[Data extract Boundary: Start]
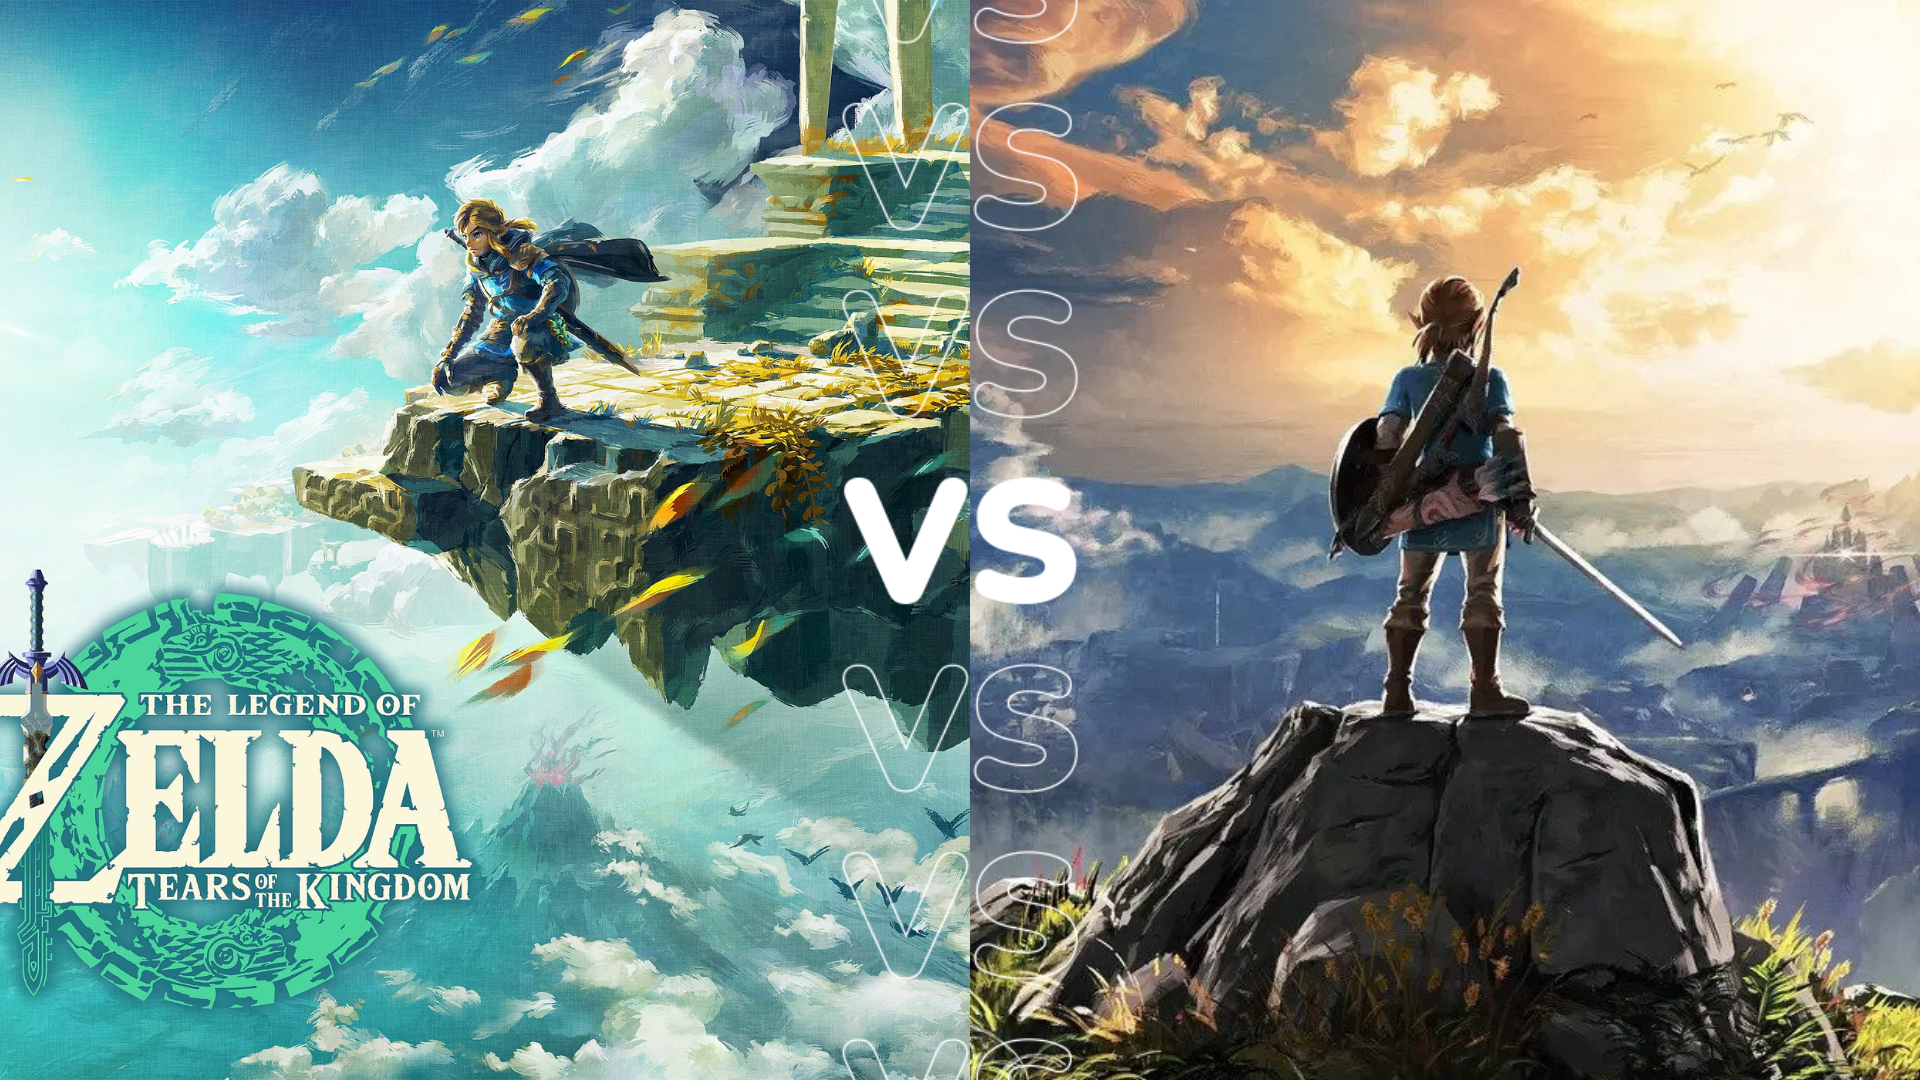 Zelda Tears of the Kingdom vs Breath of the Wild
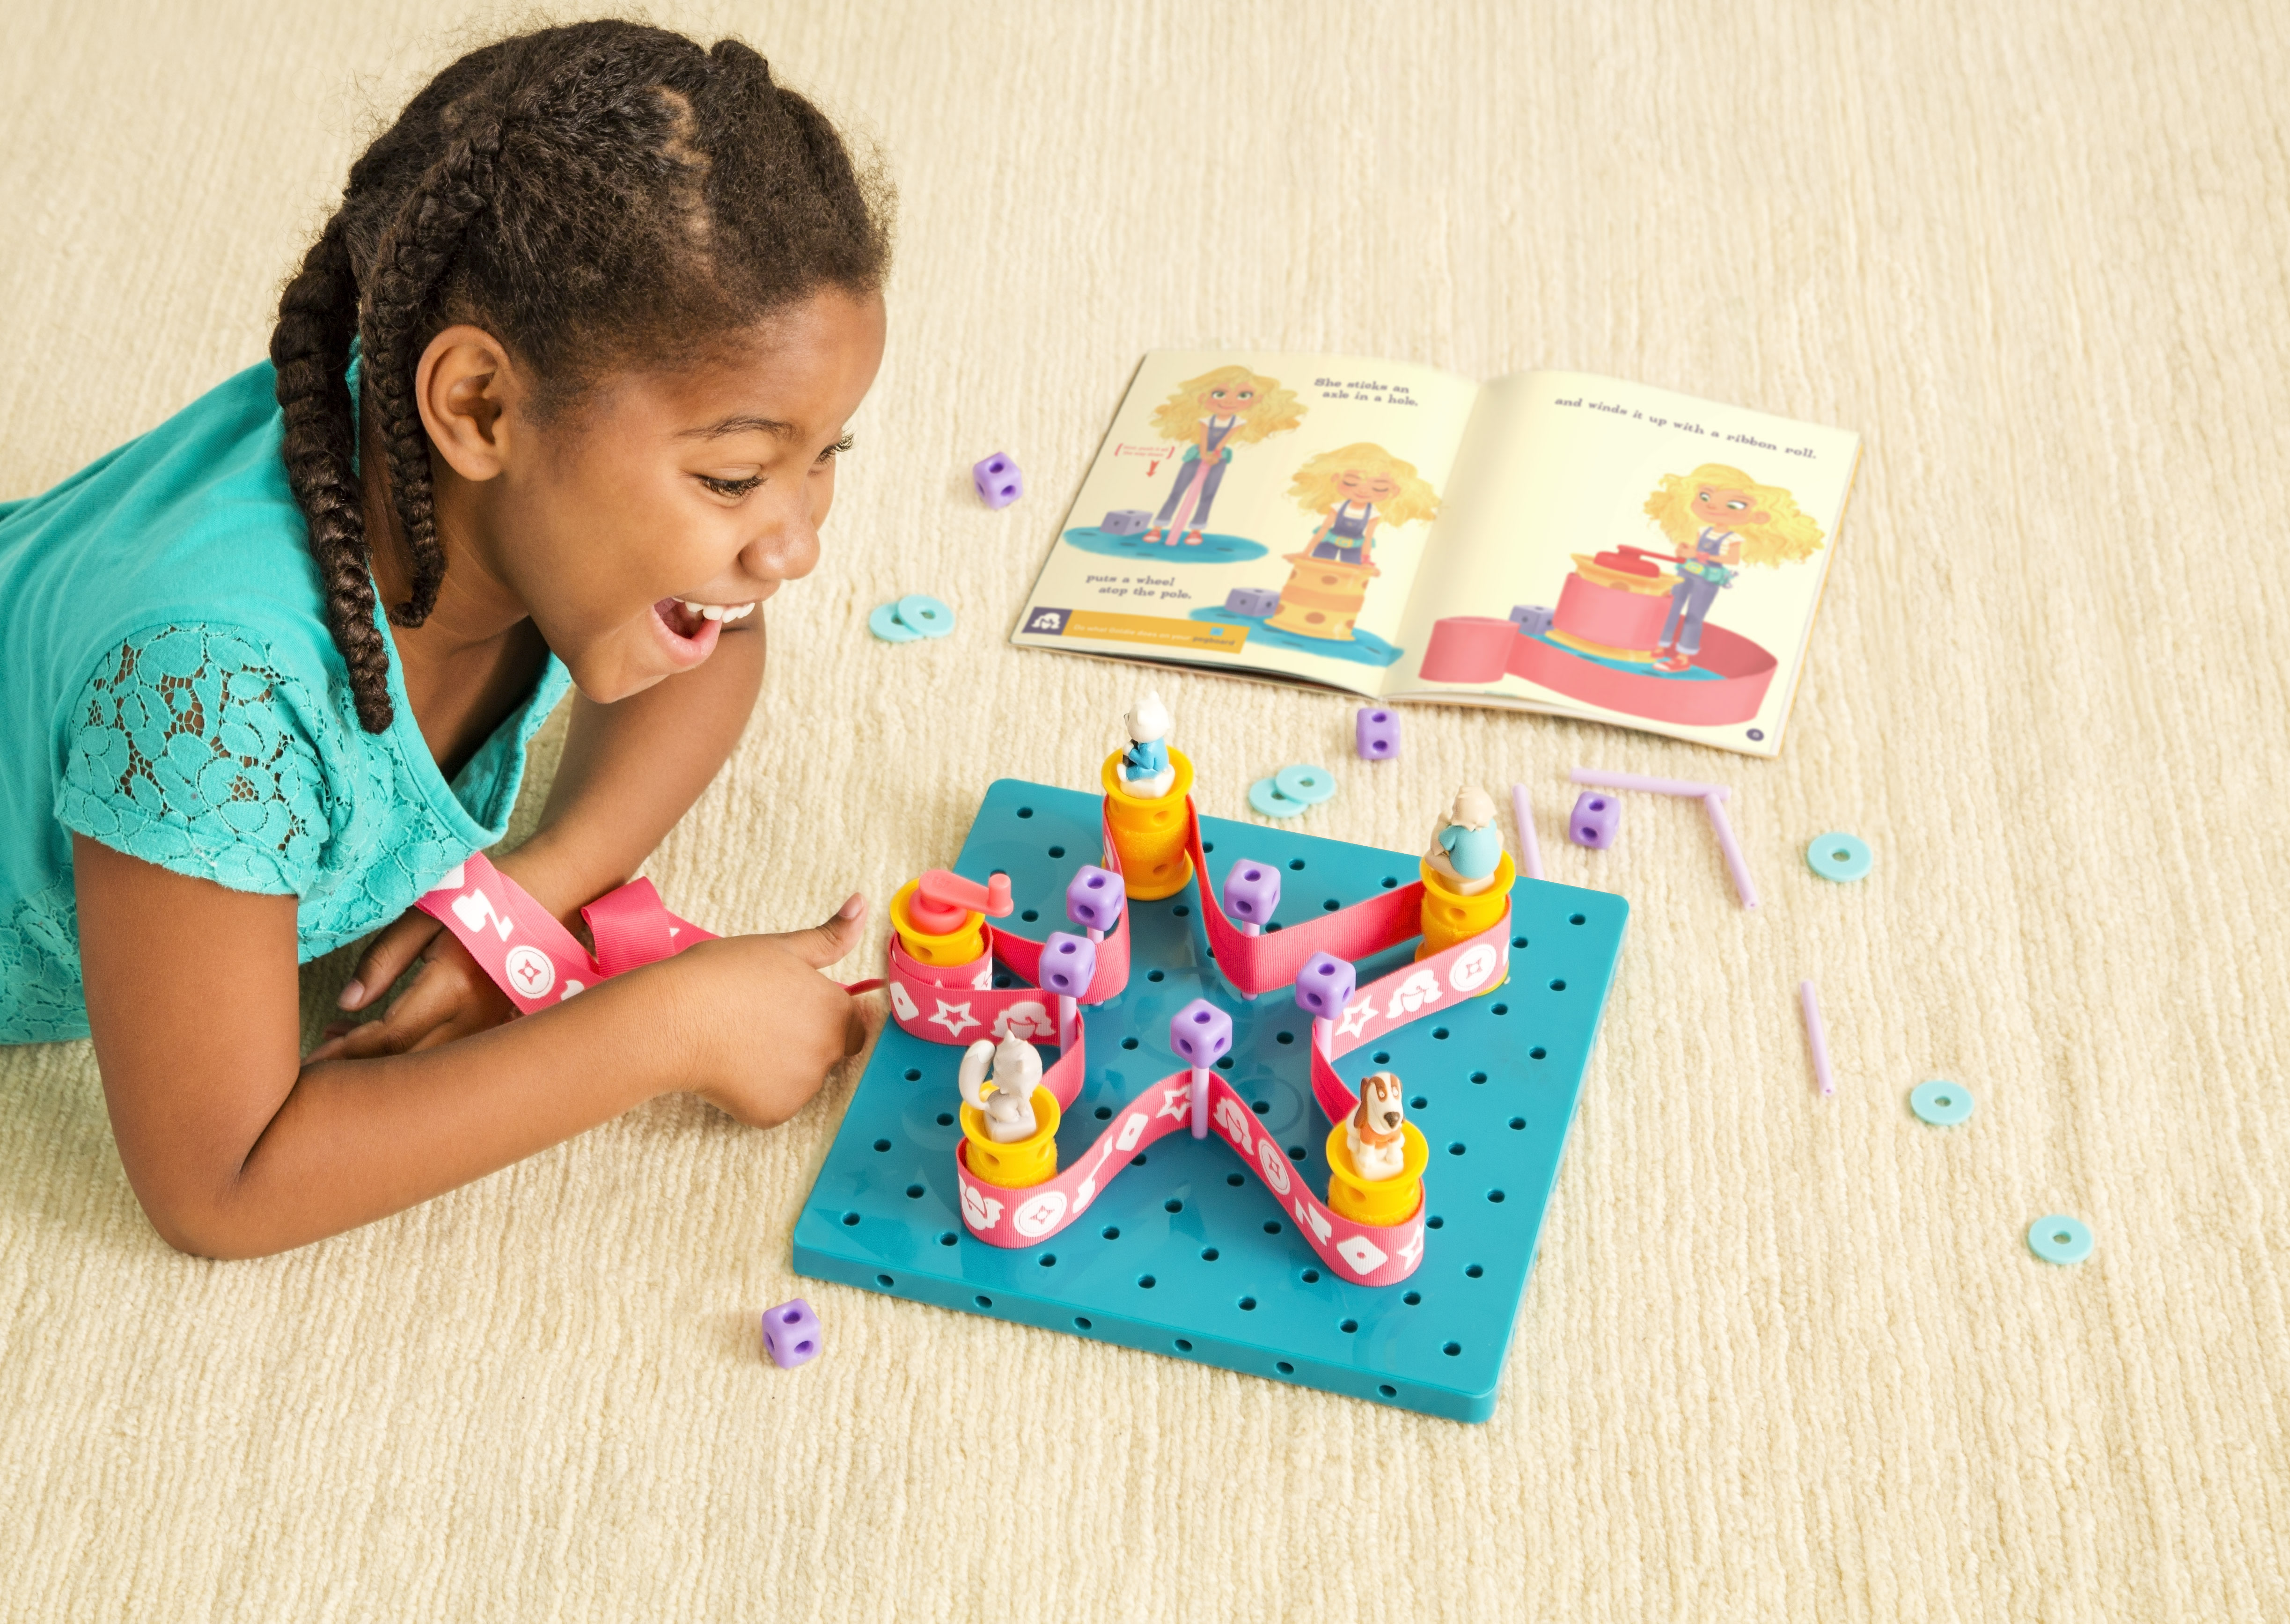 GoldieBlox: The Engineering Toy for Girls by Debbie Sterling — Kickstarter
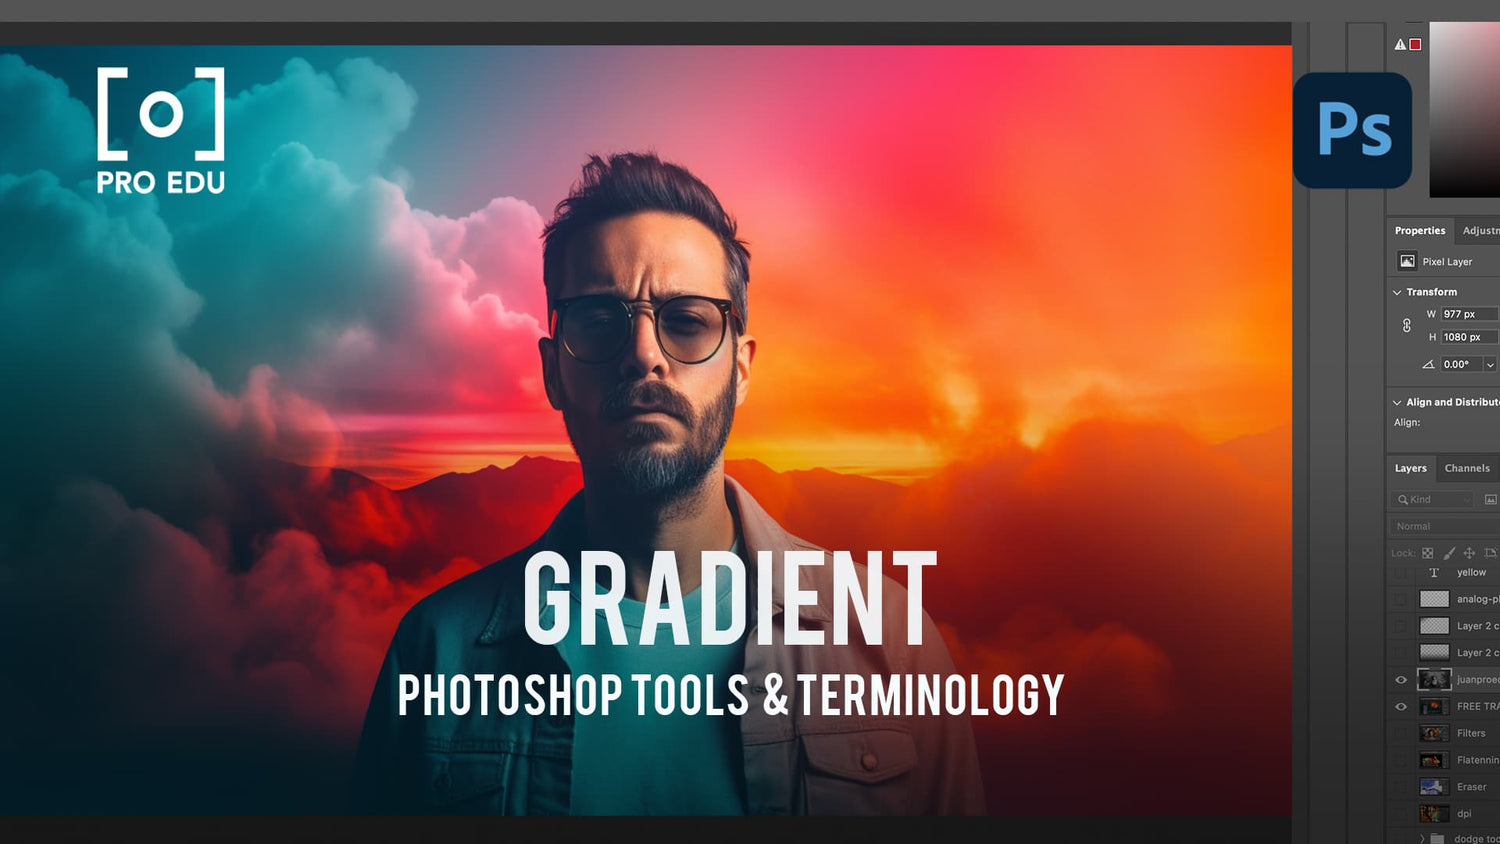 Gradient Tool in Photoshop - PRO EDU Guide
[Data extract Boundary: End]
Problem to work on: All of the data above needs to be retyped exactly, with the pictures removed.

Written response:
 Zelda Tears of the Kingdom vs Breath of the Wild
 GoldieBlox: The Engineering Toy for Girls by Debbie Sterling — Kickstarter
 Gradient Tool in Photoshop - PRO EDU Guide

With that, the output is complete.